When John Milius first put pen to paper on a screenplay that set Joseph Conrad’s seminal novel Heart of Darkness in the jungles of Vietnam, he had no idea he’d be embarking on a decade-long trip through creative hell. When George Lucas dropped out of directing Apocalpyse Now in favor of making Star Wars, he had no idea he’d be subjecting his friend and fellow director, Francis Ford Coppola, to the wrath of the filmmaking gods. And when Coppola—with dreams in his eyes of his own company that would make ambitious films with directors like himself—packed up his family and left for the Philippines, he had no idea he was in for years of creative frustration, physical and mental exhaustion, and near-financial ruin.

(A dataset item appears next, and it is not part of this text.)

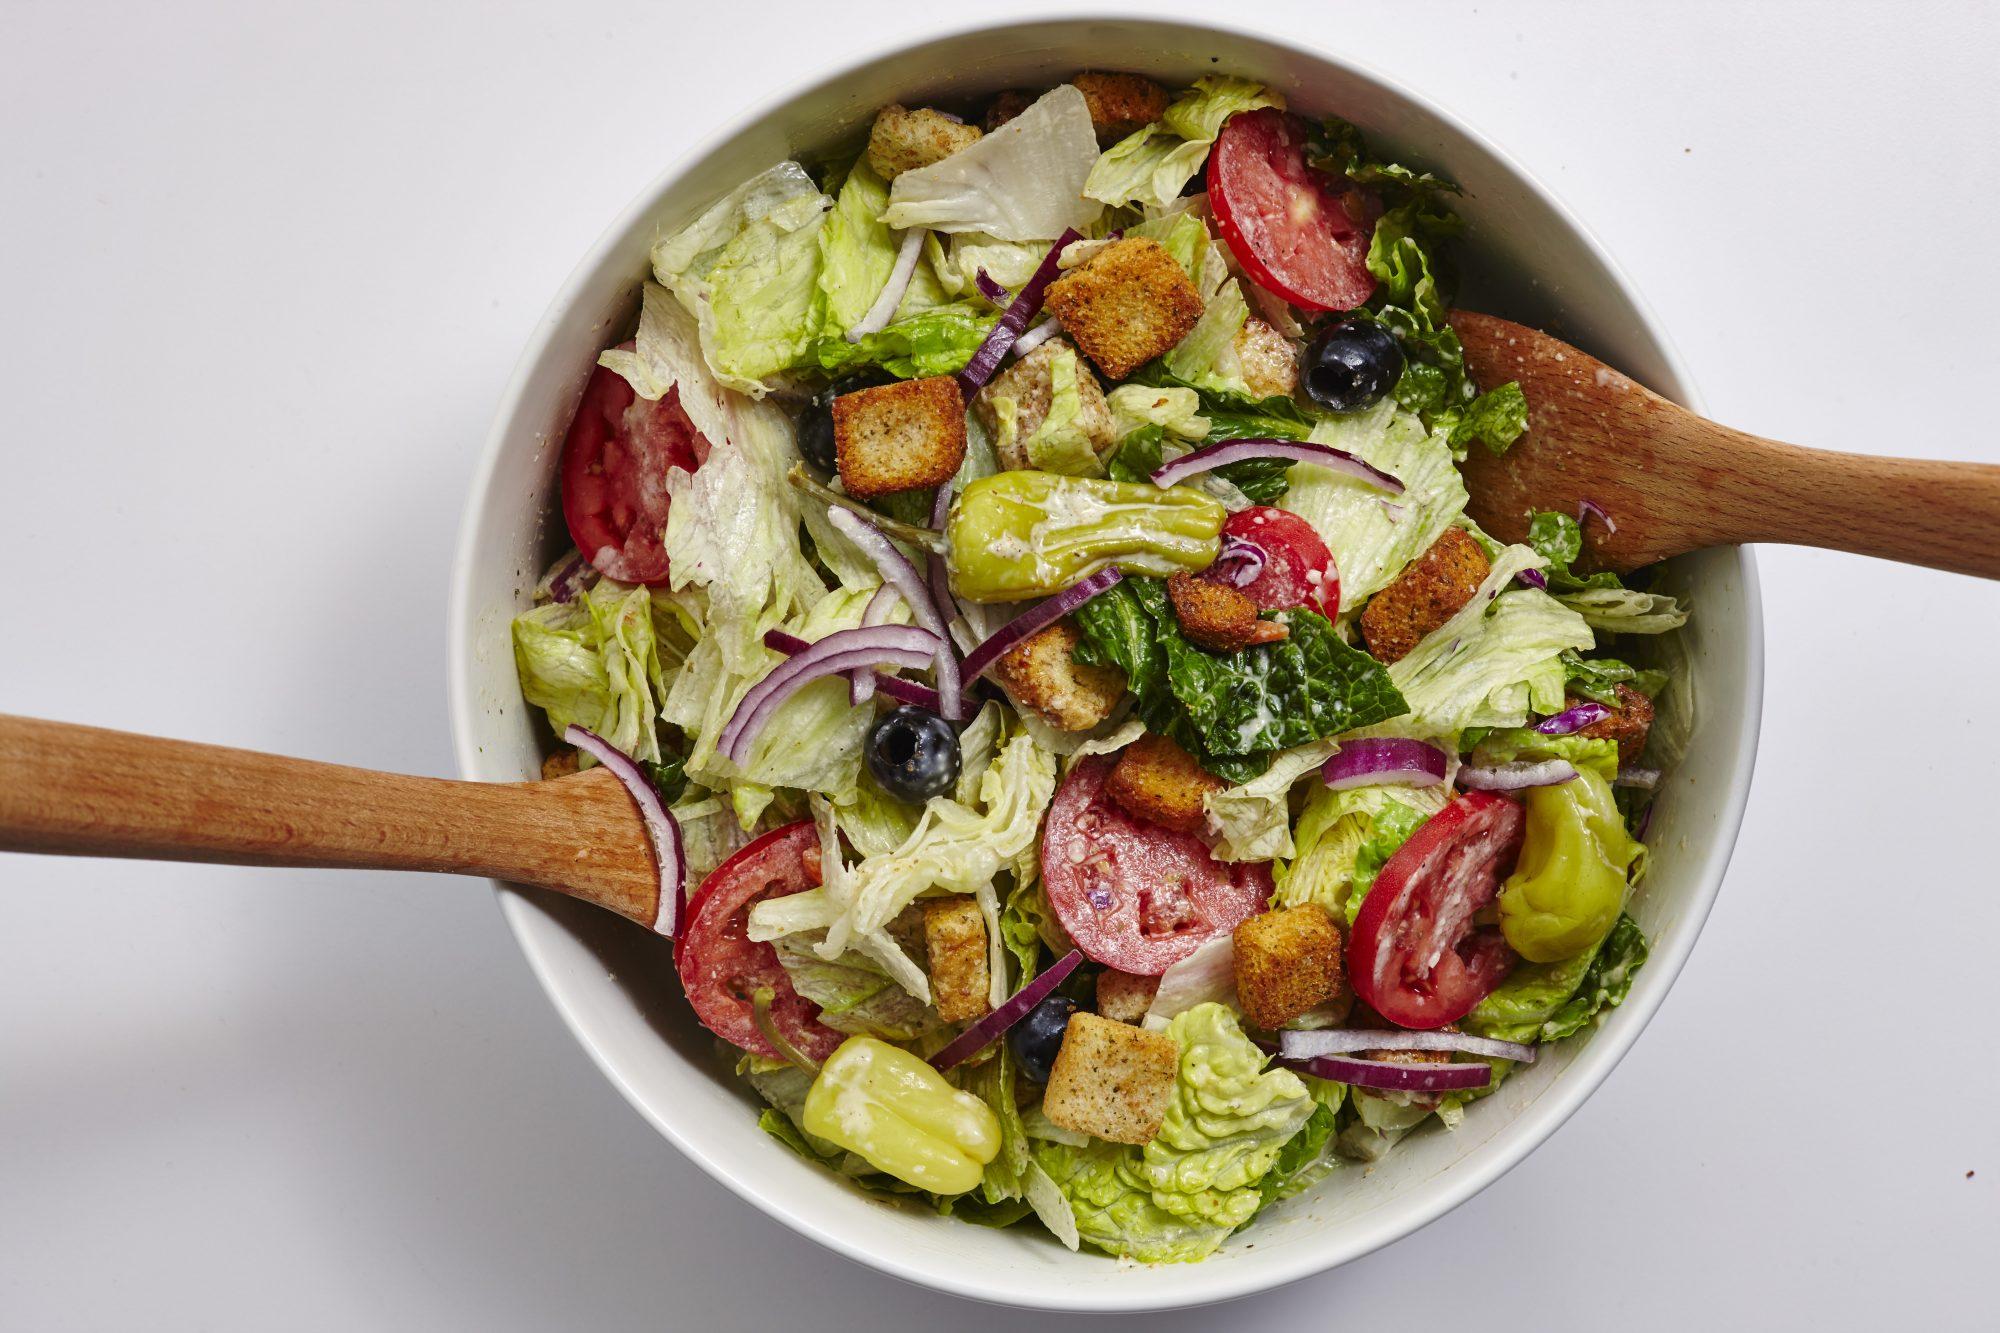 Copycat Olive Garden Salad image

Perhaps Eleanor knew something. Francis’s wife had the foresight to chronicle her family’s odyssey on videotape. This footage—along with candid audio recordings of her private conversations with Francis and some modern-day (i.e. 1990, when Hearts of Darkness was put together) interviews for appropriate historical context—is Hearts of Darkness‘ skeleton. At its worst (or more appropriately, its most conventional), this precisely and smartly edited piece of film history is the greatest DVD extra ever produced. At its best, it’s a dark, hyper-compelling dive into the creative process that presents a chilling example of art imitating life.
Apocalypse Now, of course, turned out to be one of the greatest films ever made, but one wouldn’t know it from reading Hollywood headlines back in 1976 and 1977. The film chronicles a Captain Willard’s (Martin Sheen) crazy trip downriver in Vietnam to carry out a top-secret mission to kill a psychotic former officer, Kurtz (Marlon Brando). Willard’s journey sees him encounter incident after incident that slowly strips him of his sanity and humanity on his way to Kurtz. For Coppola, his Kurtz is a completed masterpiece, and over the course of nearly a year of shooting, he too will encounter incident after incident (like a typhoon that destroyed sets or his star having a heart attack) that made him question what he was doing there in the first place.
Of course, the lion’s share of Apocalypse Now‘s behind-the-scenes problems are old hat to even casual cinephiles. But Hearts of Darkness does more than present a CliffsNotes version of one of the most troublesome movie productions in history. Eleanor comments on her husband’s deteriorating confidence and shrinking bank account. The latter is hardly a concern of hers; she stands by her husband’s art and whatever process helps him create. The former, however, truly frightens her.
Hearts of Darkness also questions the nature of art. Chasing absolute truth through art is folly, the film argues, and Coppola’s inability to clench his fist around the phantom-like truth he so desperately seeks is problematic from the outset. In one of his first talking heads, he explains that, with Apocalypse Now, he was attempting to do much more than tell a Vietnam story. He wanted his film to be Vietnam—the attitude, the rock and roll, the senselessness, the fear.
Chekov famously said, “The role of the artist is to ask questions, not answer them.” Maybe it was Coppola’s unquenchable thirst for meaning in that which is meaningless that led him astray. It certainly explains how he could bring Brando on set for a fee of $1 million a week without dialogue and an ending. “Just go with it,” he told his comically overweight star in the hope that decades of hard living and brilliant performing would lead both down the road they were looking for but couldn’t see. “I swallowed a bug,” he responds, as eloquently as one can while uttering those four words.
Or maybe Apocalypse Now was just cursed. How else does one account for epically bad weather and a young man having a heart attack? Unlike Coppola, though, Hearts of Darkness‘ three directors—Fax Bahr, George Hickenlooper, and the aforementioned Eleanor Coppola—aren’t so much interested in the why. They’re exploring themes in ways that are in their grasp, and their desire to do things safely, smartly is no less admirable than Coppola’s borderline reckless ambition. As one might expect, these two films are inextricably linked. For the sake of Hearts of Darkness, that’s a great thing. As the passage of time gives Apocalypse Now more meaning and a greater reputation, its making-of doc benefits reciprocally. And for good reason; it’s tremendous.